Quarterly GAAP net income was $30.5 million, or 65 cents a share, compared with $62.3 million, or $1.12, for the comparable quarter last year. On a non-GAAP adjusted basis, net income fell 47.3 percent to $32.9 million, or 69 cents per share, missing Wall Street’s consensus estimate of 83 cents.

Non-GAAP results exclude costs related to the planned relocation, the spin-off of the outdoor products and accessories business in fiscal 2021, COVID-19-related expenses, and other costs.

Quarterly non-GAAP adjusted EBITDAS was $51.9 million, or 29.2 percent of sales, compared with $89.8 million, or 34.9 percent of sales, representing a decline of 42.2 percent a year ago.

Healthy Product Pipeline
Looking ahead, Smith said Smith & Wesson has an “impressive pipeline” of new products scheduled for launch over the next 12 months.

He said, “Just in our third quarter, we launched our much anticipated M&P chambered in 10 mm, the new CSX, a hammer-fired, full-metal frame, a concealed-carry pistol, shown lead photo, that has been well received and is in strong demand, and our Volunteer Rifle series, the next generation of our popular M&P15 rifle line. We also partnered with Vista Outdoor to co-launch its new 30 Super Carry ammunition along with our popular Shield EZ and Shield Plus, chambered for this exciting new round with ballistics comparable to the extremely popular 9 mm yet with dimensions, which allow for increased round capacity in the same firearm footprint.”

On the marketing front, brand campaigns developed around the 10 mm M&P reached over three million customers on its first day and a similar response came from content created for the CSX Volunteer and 30 Super Carry.

Looking to the current fourth quarter, inventory in the channel remained relatively stable in the third quarter, and distributors currently have approximately 18 weeks of supply across a broad range of products.
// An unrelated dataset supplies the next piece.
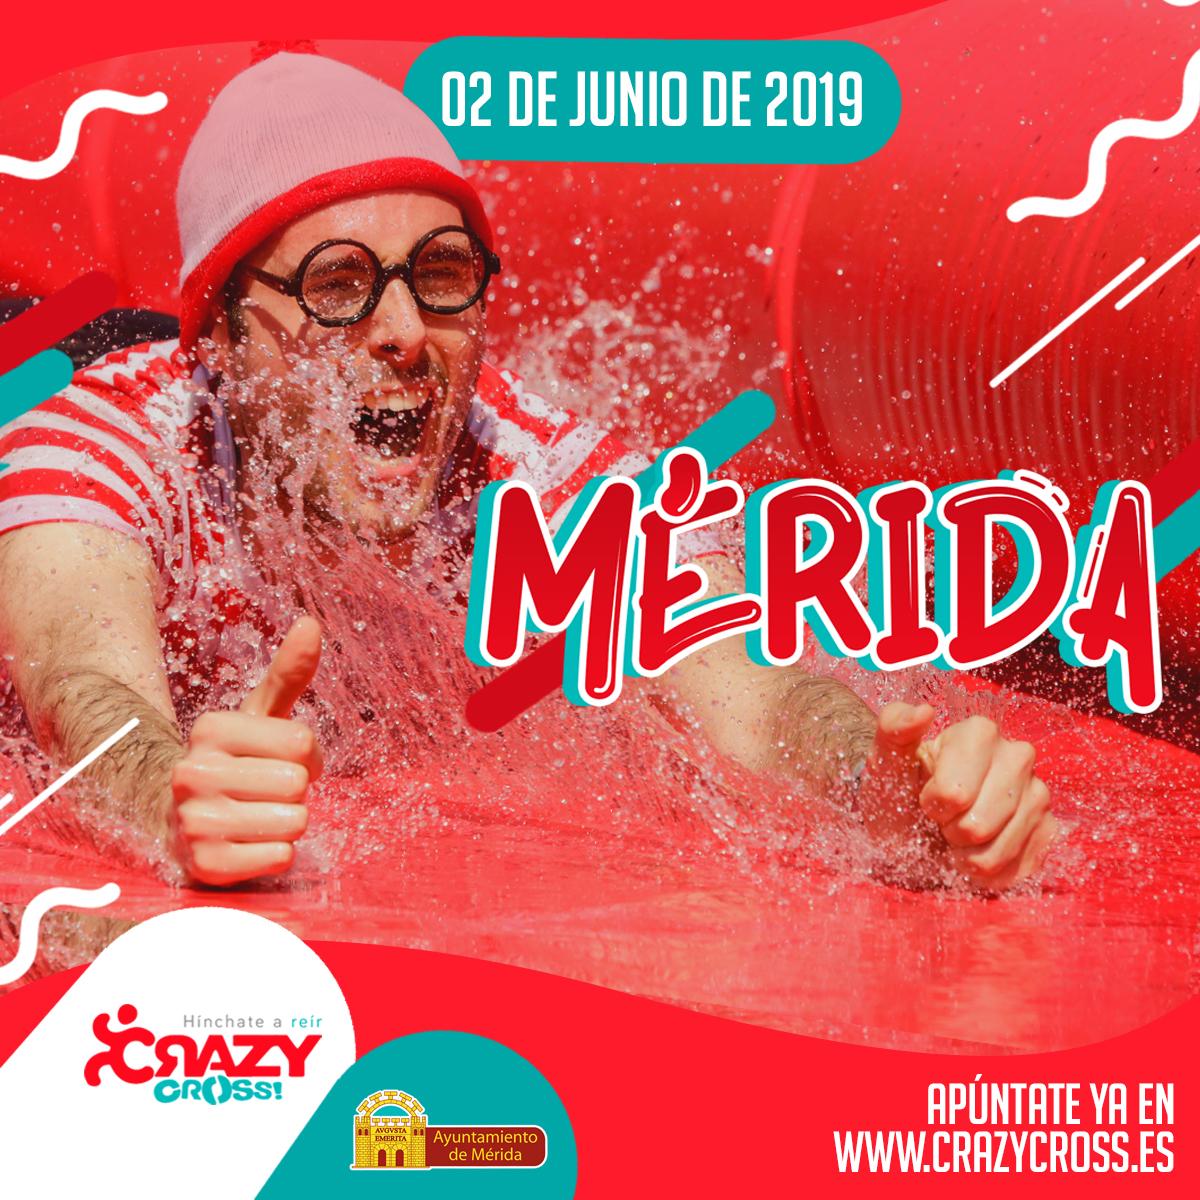 Crazy Cross Mérida 2019
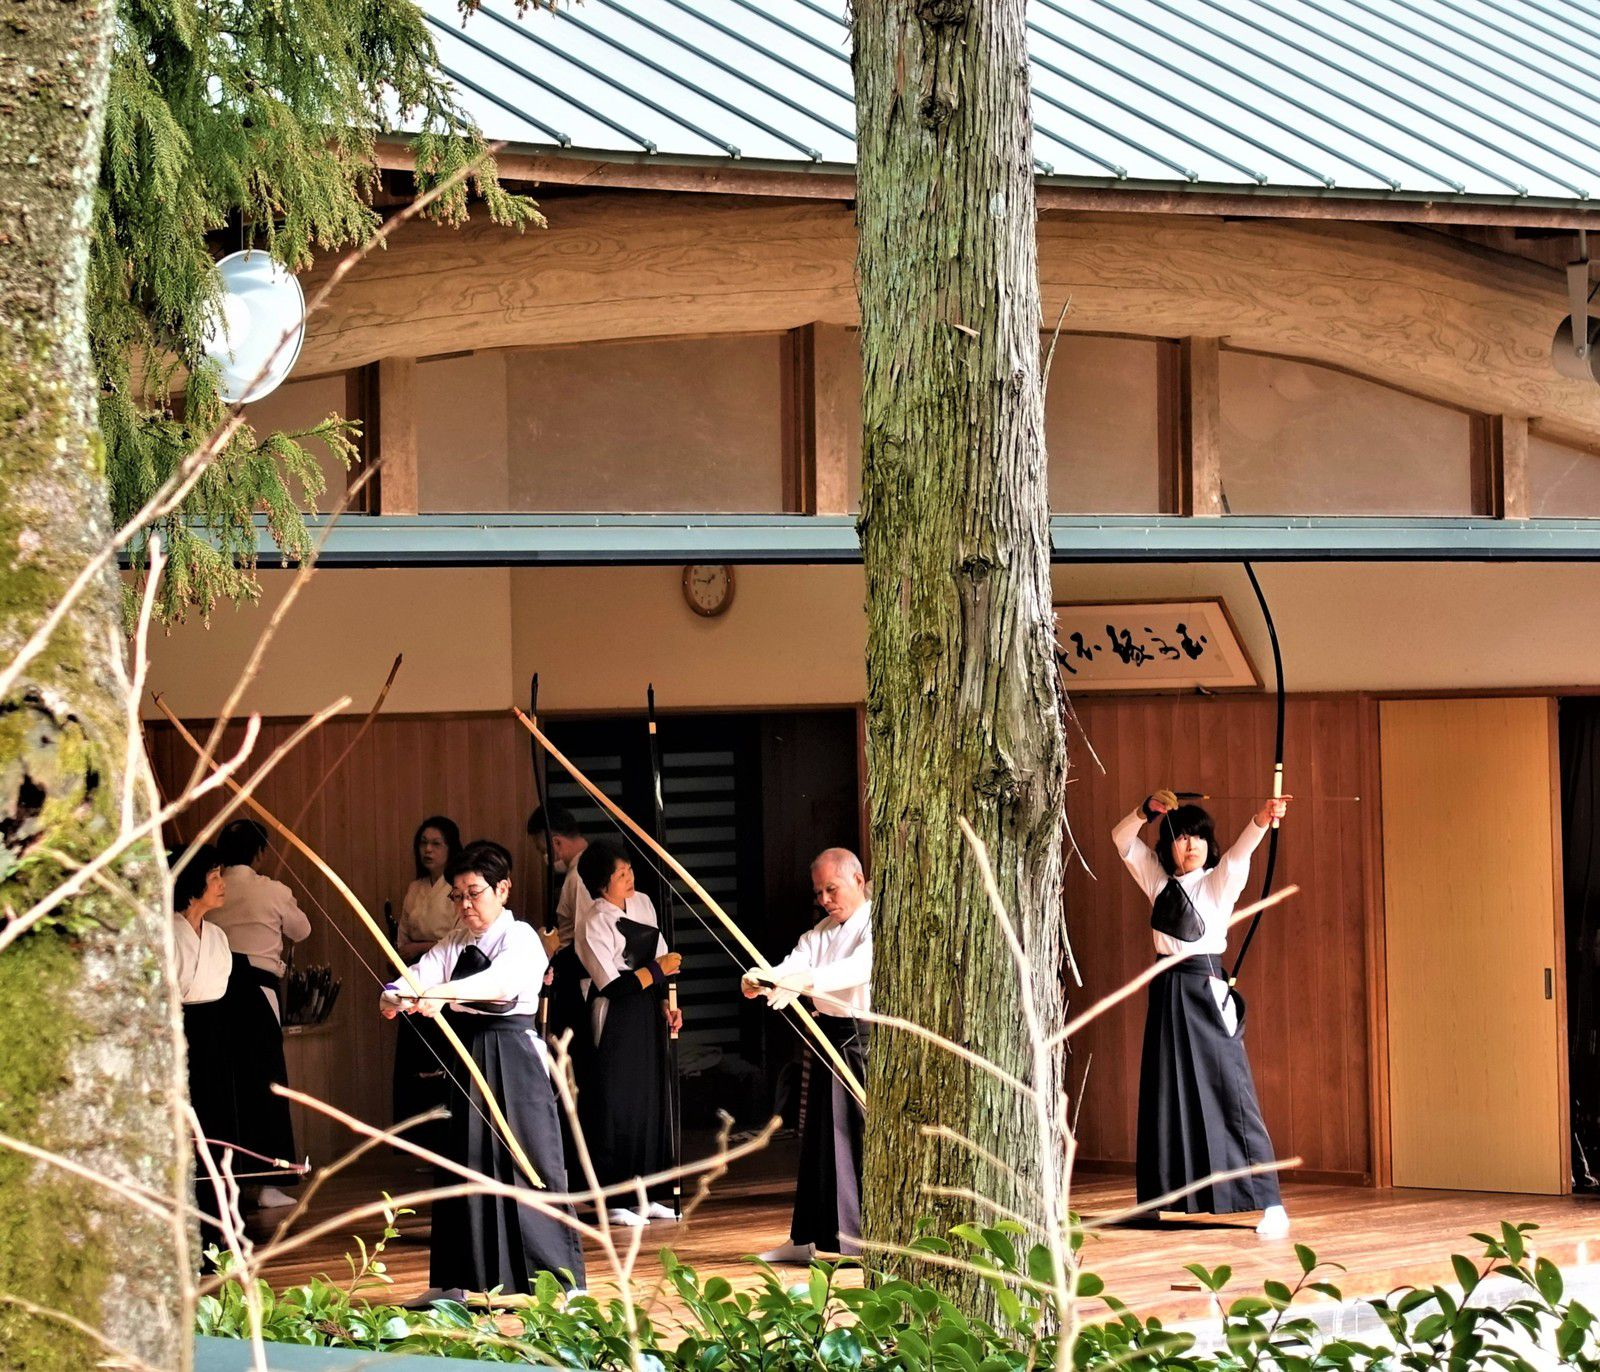 Le sanctuaire: Tsubaki Ookami Yashiro

McPherson said, “We believe current channel inventories are healthy, which ultimately drives positive consumer experiences by ensuring adequate supply to balance normal production levels and still meet short-term fluctuations in demand.”

With the strong inventory levels and more normalized consumer demand, Smith & Wesson expects fourth-quarter sales to return to pre-pandemic levels, implying flat sales sequentially.

Smith & Wesson expects to build internal inventory throughout its fourth quarter as it continues to restock after last year’s complete depletion of finished goods inventory.

Despite the expected reduction in sales and approximately $3 million in expenses related to the Tennessee move, Smith & Wesson still expects to meet, or exceed, financial targets set on its Analyst Day in June 2021. Goals include

  • maintaining EBITDA margins of 20 percent to 30 percent,
  • gross margins of 32 percent to 42 percent; and
  • generating more than $75 million in cash annually.